European banks may face same capital threshold as U.S.

Bankinter SA is among the lenders with the lowest capital ratios in the region. Photographer: Xabier Mikel Laburu/Bloomberg

Banks may be required to have a Tier 1 capital ratio of at least 6 percent under stress tests being prepared by European regulators, the same threshold U.S. lenders faced last year, according to two people briefed on the talks.

Firms that fail to meet the standard will be required to raise additional capital, said one of the people, who had seen a draft document from the Committee of European Banking Supervisors. Banks need to have a minimum Tier 1 ratio of 4 percent under international capital accords.

The CEBS draft document, dated July 13 and sent to national regulators for review, said countries agreed to use at least the same benchmark as the U.S., according to the person.

European Union regulators are examining the strength of 91 banks to determine if they can survive potential losses on sovereign-bond holdings.
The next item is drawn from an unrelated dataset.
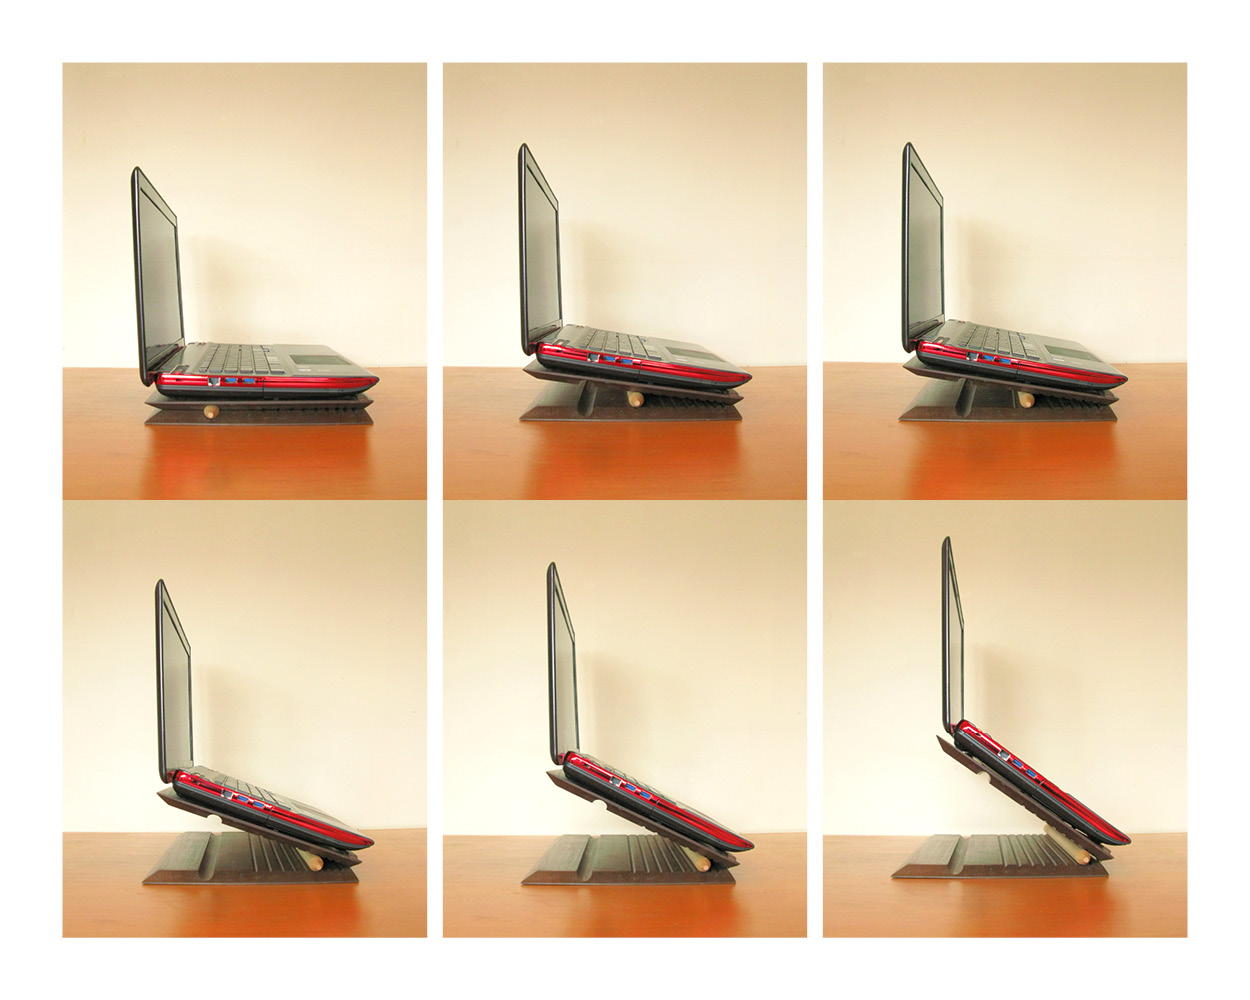 AdAR - Adjustable Laptop Riser

They are counting on the tests to reassure investors about the health of financial institutions from Germany’s WestLB AG and Bayerische Landesbank to Spanish savings banks as the debt crisis pummels the bonds of Greece, Spain and Portugal. The results are slated to be released starting at 6 p.m. Brussels time on July 23.

The stress tests assume a 3 percentage point deviation from the European Commission’s economic forecasts over two years and a deterioration of sovereign debt risk as compared to market prices in early May, CEBS said. The EU estimates the region’s economy will grow by 1 percent in 2010 and 1.7 percent in 2011.

Tier 1 Ratio

The Tier 1 capital ratio is a measure of financial strength which compares a bank’s capital to the exposure of its loans and other at-risk assets. It includes hybrid capital instruments such as bonds that convert into equity when certain events occur.

Banca Popolare dell’Emilia Romagna, Bankinter SA and Banca Monte dei Paschi di Siena SpA, among the lenders with the lowest capital ratios in the region, still have ratios of more than 7 percent, according to data compiled by Bloomberg from the lenders’ most recent filings.

CEBS coordinates national banking authorities and makes policy recommendations to the EU on regulation. Efstathia Bouli, spokeswoman for the London-based group, declined to comment.